В остальном же их жизненный обиход остался прежним. Оба супруга были экономны, Мишенька же даже с небольшим уклоном в сторону скупости. Олечка, считавшая себя безнадежно некрасивой, мало тратила на туалеты, и приемы их ограничивались одними родственниками, к которым несколько позже, когда дети Кока (Константин) и Кика (Ксения) подросли, присоединились их товарищи и подруги.
Воскресные званые обеды Миши и Оли продолжали устраиваться в очередь с нашими и носить тот же характер, какой был заведен дядей. При значительной изысканности блюд, вин и закусок, эти обеды носили тот же солидно‑буржуазный стиль. Заведовала хозяйством по‑прежнему тетя Катя Кампиони. И так же, как при дяде Косте – мужская половина гостей после обеда забиралась в кабинет, ставший теперь Мишенькиным, а дамы рассаживались по диванчикам и мягким пуфам в будуаре тети Кати. Молодежь предпочитала пребывать в соседней прелестной угловой круглой комнате. За обеденным столом продолжал заседать, кроме родных, плотный, весь какой‑то гладкий плешивый перс‑магометанин Мирза Казем‑бек, самый ласковый из когда‑либо мне встречавшихся людей (он был сослуживцем дяди Кости по министерству иностранных дел). По‑прежнему споры на политические и культурные темы начинались с самого супа, но они утратили свою остроту, так как главного заводилы – дяди Кости – среди нас больше не было.

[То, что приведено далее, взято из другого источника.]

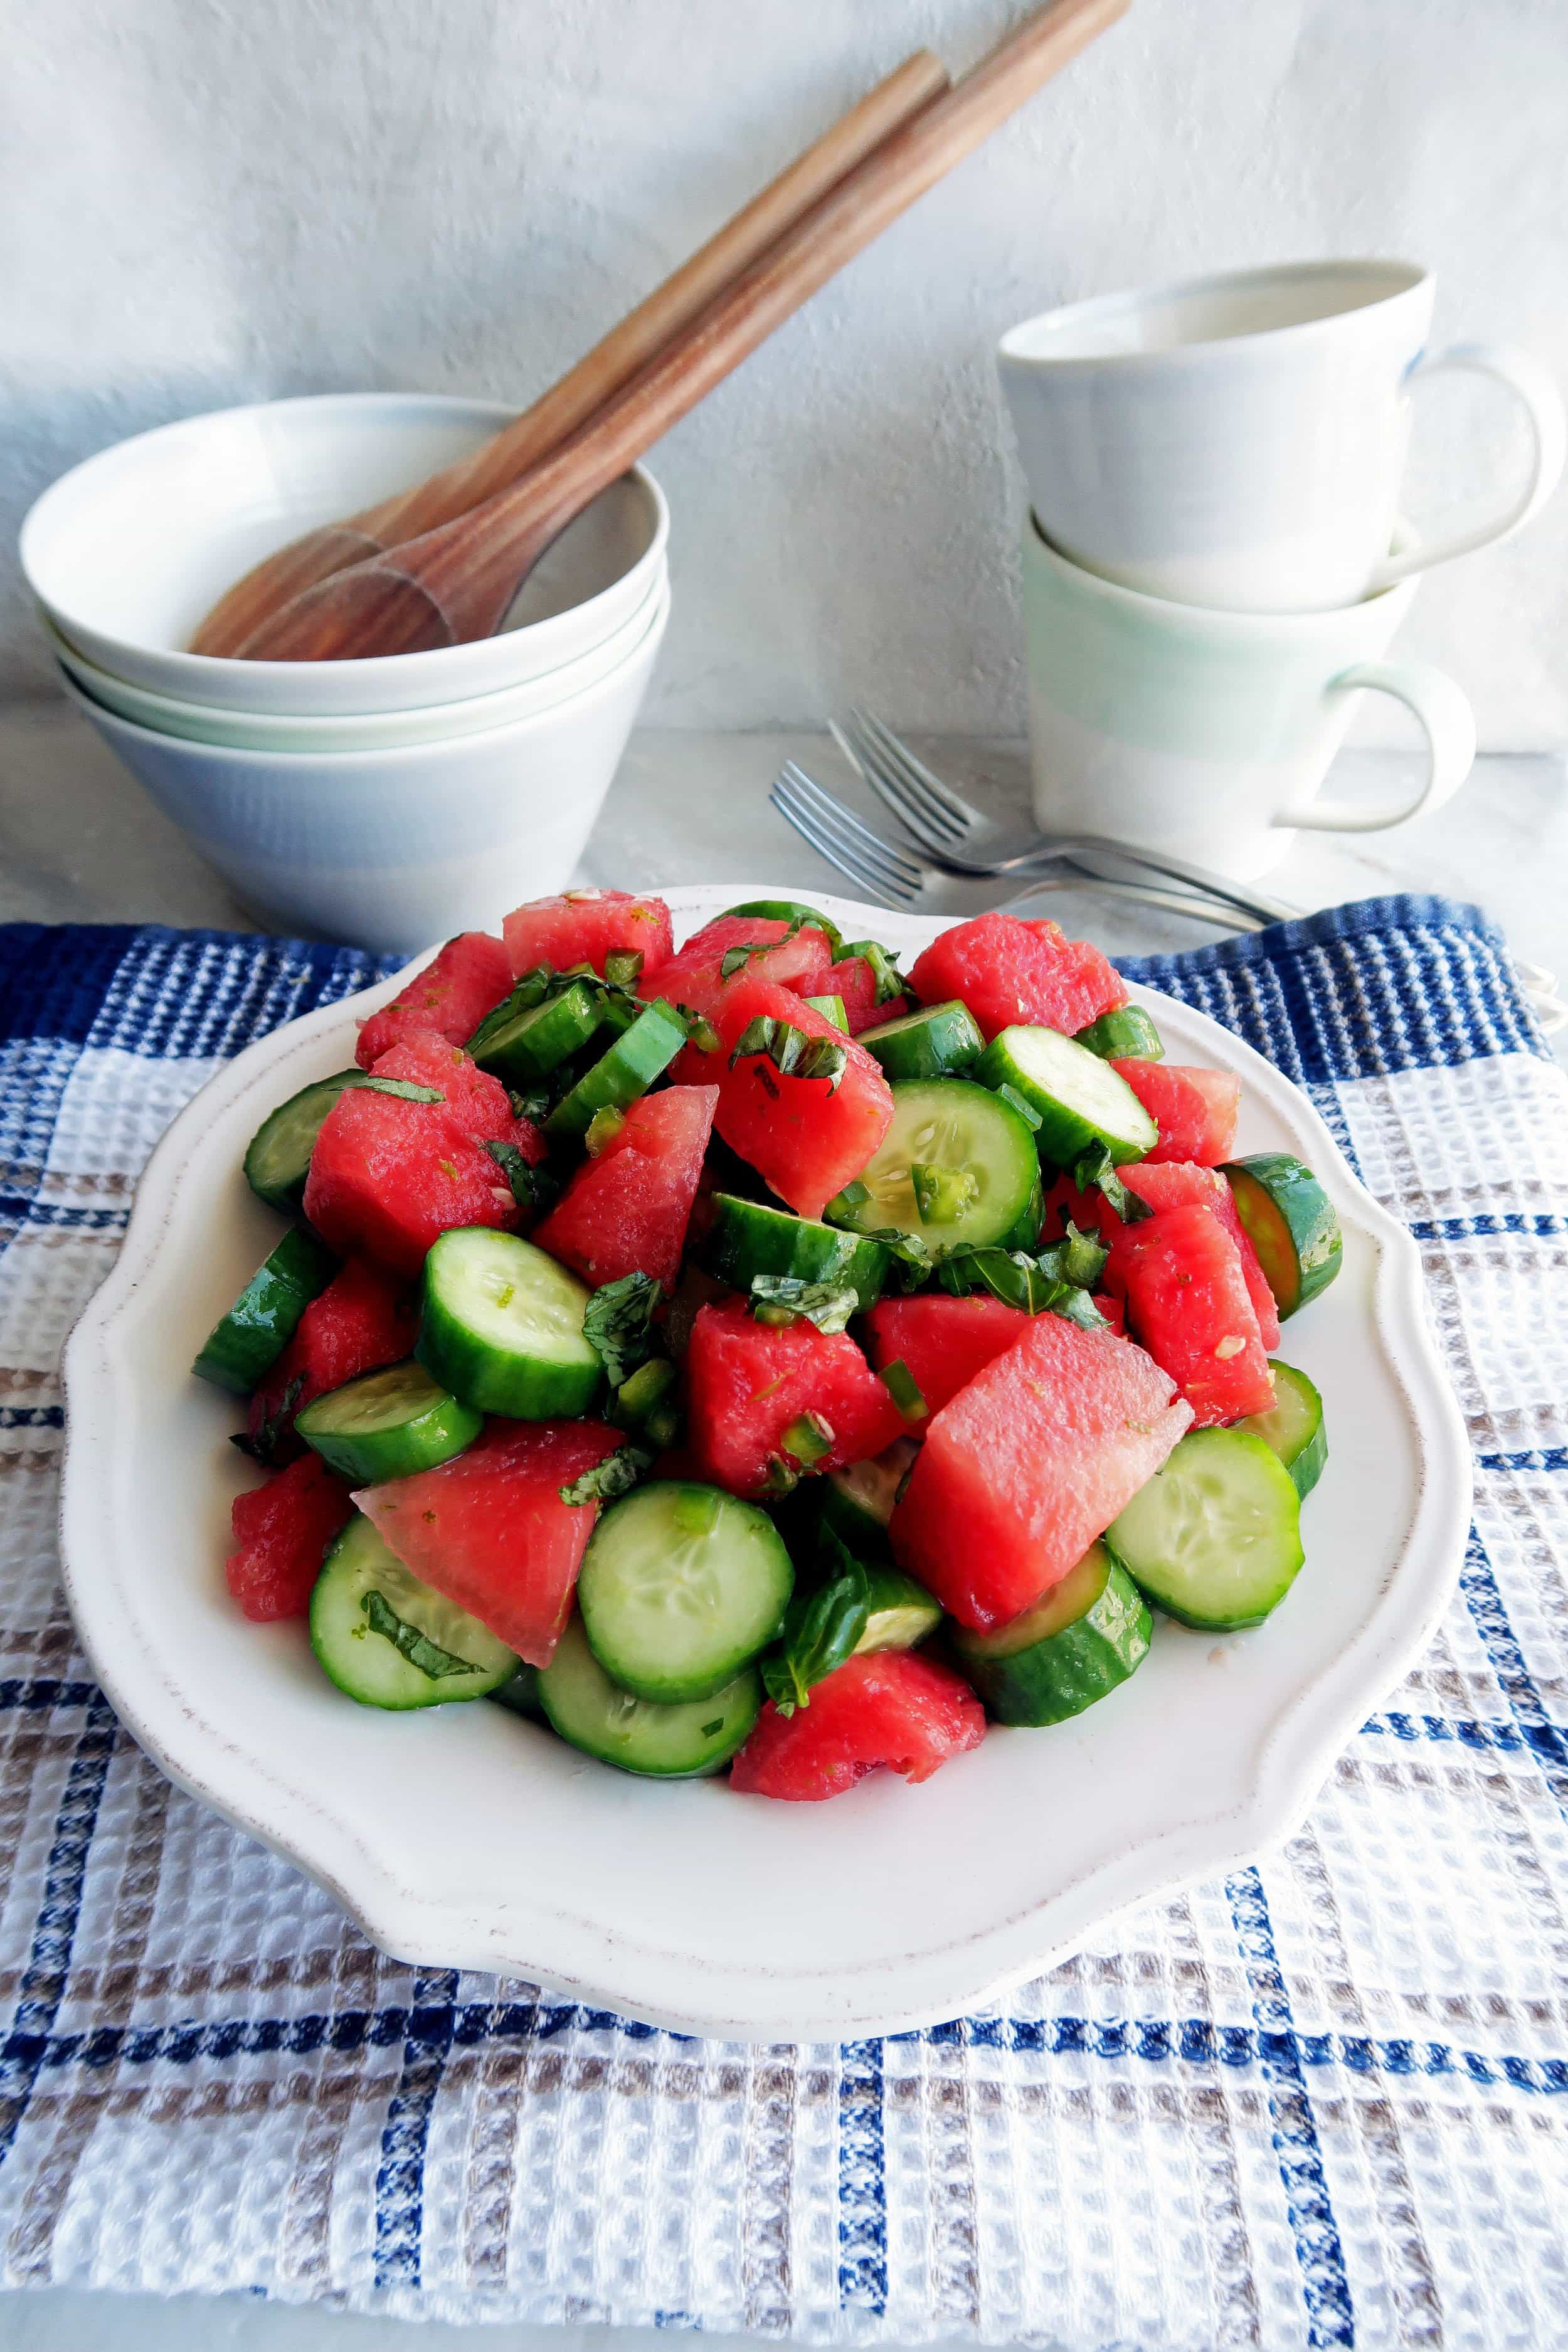 Watermelon Cucumber Jalapeno Salad on a white plate with three bowls, two wooden spoons, two forks, and two cups in the background.
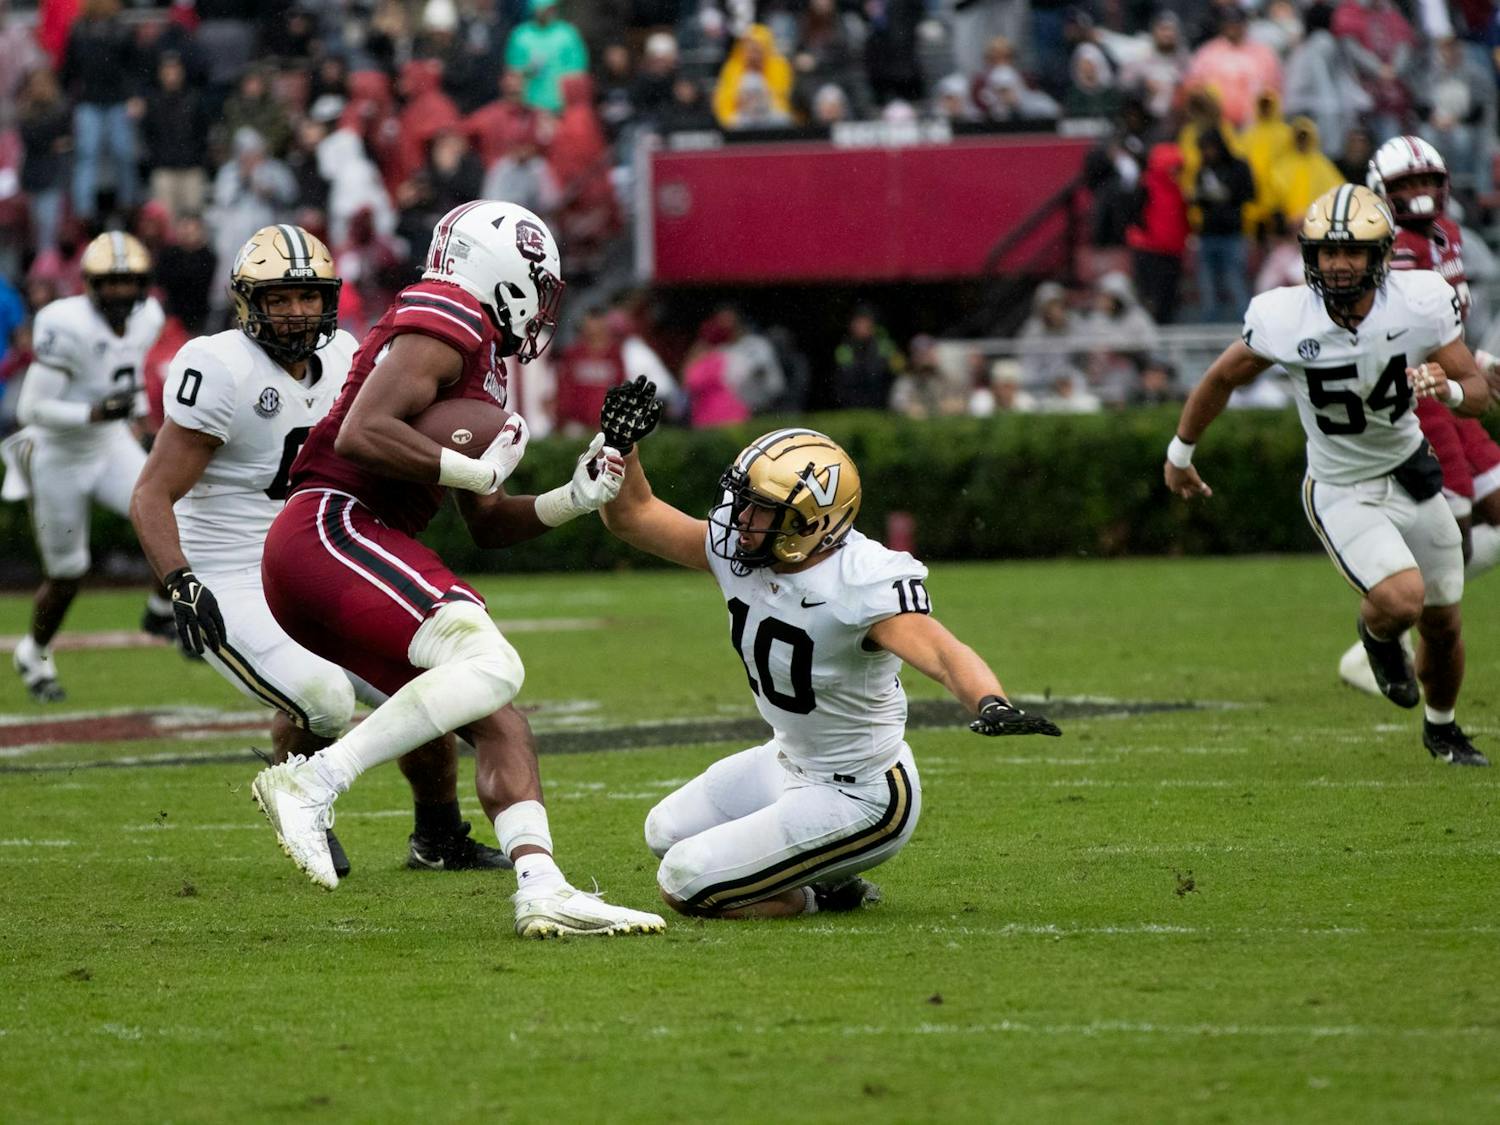 Graduate tight end Joshua Simon dodges a tackle at Williams-Brice Stadium on Nov. 11, 2023. Simon received six passes for 65 yards during the game.

Некоторым новшеством обедов Миши и Оли было почти несменяемое присутствие на них супругов Дехтеревых, т. е. нашей кузины Софьи Цезаровны и ее супруга Владимира Гаврилыча. Нельзя сказать, чтобы эта пара представляла собой очень гармоничный подбор. Сонечка была само изящество, не лишенное известной прециозности. Напротив, ее супруг представлял собой образчик чего‑то дикого и первобытного. С виду он напоминал великанов из «Золота Рейна». Огромный, сутулый, ступавший медвежьей походкой, обросший девственной черной бородой и лохматыми волосами, чуть подслеповатый, в очках, он говорил, как‑то шлепая губами, с необычайным апломбом. Возможно (не мне судить), он и был тем светилом науки, каким он старался казаться и за кого несомненно его принимала влюбленная в него жена, но злые языки (а их всегда немало среди родных) отзывались о «Гаврилыче» с иронией. И, кстати сказать, такое же отношение (возможно, что лишенное всякой справедливости) к нему было и у молодого поколения Философовых, которые за многие годы знакомства успели его хорошо изучить. Он когда‑то «ходил в народ» и поэтому принадлежал к людям, пользовавшимся особым расположением Анны Павловны Философовой. Сама же знаменитая патронесса освободительного движения и на склоне лет продолжала видеть в Дехтереве героя, каковым он ей представлялся, когда она писала восторженные о нем письма Тургеневу. Она переслала даже писателю записки своего протеже, а писатель возьми да и используй их для довольно ядовитой характеристики одного из выведенных им революционных типов (Кисляков – в романе «Новь»), Этот же культ Дехтерева сблизил нашу Сонечку с Анной Павловной; после смерти мужа она даже сделалась чем‑то вроде ее секретаря или адъютанта.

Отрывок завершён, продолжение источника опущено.